Ах, путешественник добрый, что нам рабыни сказали!
Стройные жены вели из купальни младую супругу
Злого Мелетия. — Сгибли желанья, исчезли надежды!
Долго в толпу Амарилла смотрела и вдруг, зашатавшись,
Пала. Холод в руках и ногах и грудь без дыханья!
Слабый ребенок, не знал я, что делать. От мысли ужасной
(Страшной и ныне воспомнить), что более нет Амариллы, —
Я не плакал, а чувствовал: слезы, сгустившися в камень,
Жали внутри мне глаза и горячую голову гнули.
Но еще жизнь в Амарилле, к несчастью ее, пламенела:
Грудь у нее поднялась и забилась, лицо загорелось
Темным румянцем, глаза, на меня проглянув, помутились.
Вот и вскочила, вот побежала из города, будто
Гнали ее эвмениды, суровые девы Айдеса!
Был ли, младенец, я в силах догнать злополучную деву!
Нет… Я нашел уж ее в сей роще, за этой рекою,
Где искони возвышается жертвенник богу Эроту,
Где для священных венков и цветник разведен благовонный
(Встарь, четою счастливой!) и где ты не раз, Амарилла,
С верою сердца невинного, клятвам преступным внимала.
Зевс милосердый! с визгом каким и с какою улыбкой
В роще сей песню она выводила! сколько с корнями
Разных цветов в цветнике нарвала и как быстро плела их!
Скоро странный наряд изготовила.

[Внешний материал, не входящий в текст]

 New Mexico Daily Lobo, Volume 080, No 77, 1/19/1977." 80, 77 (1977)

Целые ветви,
Розами пышно облитые, словно роги торчали
Дико из вязей венка многоцветного, чуднобольшого;
Плющ же широкий цепями с венка по плечам и по персям
Длинный спадал и, шумя, по земле волочился за нею.

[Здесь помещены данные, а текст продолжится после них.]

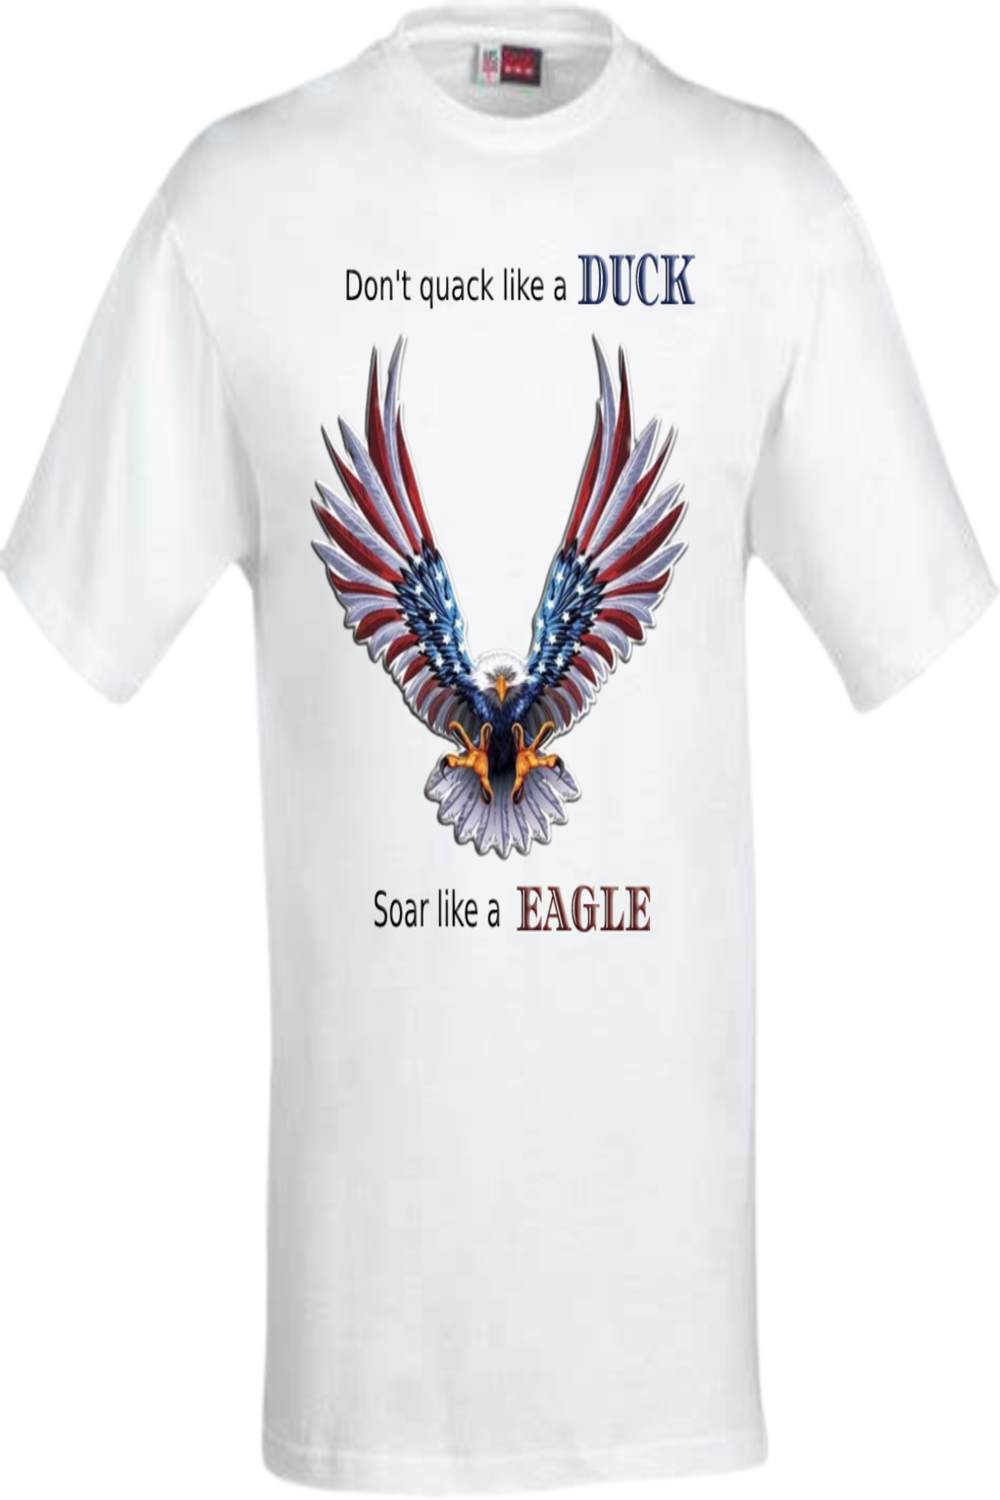 Colourful Eagle T-shirt Design Template

Так разодетая, важно, с поступью Иры-богини,
К хижинам нашим пошла Амарилла. Приходит, и что же?
Мать и отец ее не узнали; запела, и в старых
Трепетом новым забились сердца, предвещателем горя.
Смолкла — и в хижину с хохотом диким вбежала, и с видом
Грустным стала просить удивленную матерь: «Родная,
Пой, если любишь ты дочь, и пляши: я счастли́ва, счастли́ва!»

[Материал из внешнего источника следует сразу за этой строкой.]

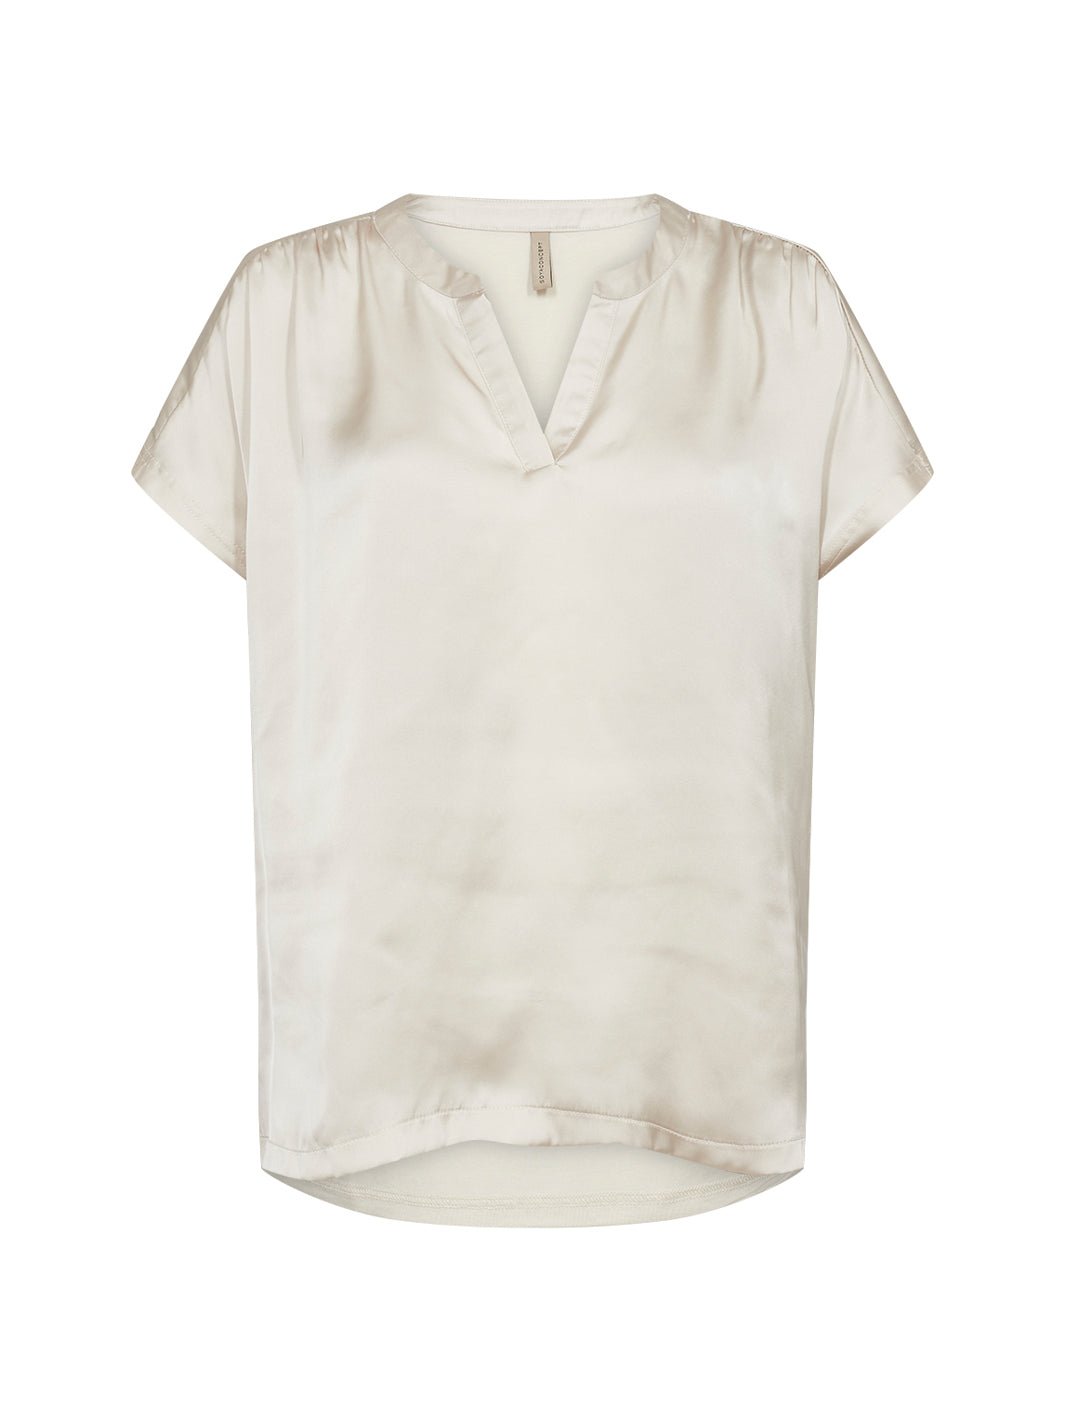 Soya Concept Thilde 49 t-shirt cream - Online-Mode

Мать и отец, не поняв, но услышав ее, зарыдали.
«Разве была ты когда несчастлива, дитя дорогое?» —
Дряхлая мать, с напряжением слезы уняв, вопросила.
«Друг мой здоров! Я невеста! Из города пышного выйдут
Стройные жены, резвые девы навстречу невесте!
Там, где он молвил впервые люблю Амарилле-пастушке,
Там из-под тени заветного древа, счастливица, вскрикну:
Здесь я, здесь я! Вы, стройные жены, вы резвые девы!
Пойте: Гимен, Гименей! — и ведите невесту в купальню.
Что ж не поете вы, что ж вы не пляшете! Пойте, пляшите!»
Скорбные старцы, глядя на дочь, без движенья сидели,
Словно мрамор, обильно обрызганный хладной росою.
Если б не дочь, но иную пастушку привел Жизнедавец
Видеть и слышать такой, пораженной небесною карой,
То и тогда б превратились злосчастные в томностенящий,
Слезный источник — ныне ж, тихо склоняся друг к другу,
Сном последним заснули они. Амарилла запела,
Гордым взором наряд свой окинув, и к древу свиданья,
К древу любви изменившей пошла. Пастухи и пастушки,
Песней ее привлеченные, весело, шумно сбежались
С нежною ласкою к ней, ненаглядной, любимой подруге.
Но — наряд ее, голос и взгляд… Пастухи и пастушки
Робко назад отшатнулись и молча в кусты разбежались.
Бедная наша Аркадия! Ты ли тогда изменилась,
Наши ль глаза, в первый раз увидавшие близко несчастье,
Мрачным туманом подернулись? Вечнозеленые сени,
Воды кристальные, все красоты твои страшно поблекли.
Дорого боги ценят дары свои! Нам уж не видеть
Снова веселья! Если б и Рея с милостью прежней
К нам возвратилась, все было б напрасно! Веселье и счастье
Схожи с первой любовью. Смертный единожды в жизни
Может упиться их полною, девственной сладостью! Знал ты
Счастье, любовь и веселье? Так понял, и смолкнем об оном.
Страшно поющая дева стояла уже у платана,
Плющ и цветы с наряда рвала и ими прилежно
Древо свое украшала. Когда же нагнулася с брега,
Смело за прут молодой ухватившись, чтоб цепью цветочной
Эту ветвь обвязать, до нас достающую тенью,
Прут, затрещав, обломился, и с брега она полетела
В волны несчастные. Нимфы ли вод, красоту сожалея
Юной пастушки, спасти ее думали, платье ль сухое,
Кругом широким поверхность воды обхватив, не давало
Ей утонуть? не знаю, но долго, подобно наяде,
Зримая только по грудь, Амарилла стремленьем неслася,
Песню свою распевая, не чувствуя гибели близкой,
Словно во влаге рожденная древним отцом Океаном.
Грустную песню свою не окончив — она потонула.
Ах, путешественник, горько! ты плачешь! беги же отсюда!
В землях иных ищи ты веселья и счастья! Ужели
В мире их нет и от нас от последних их позвали боги!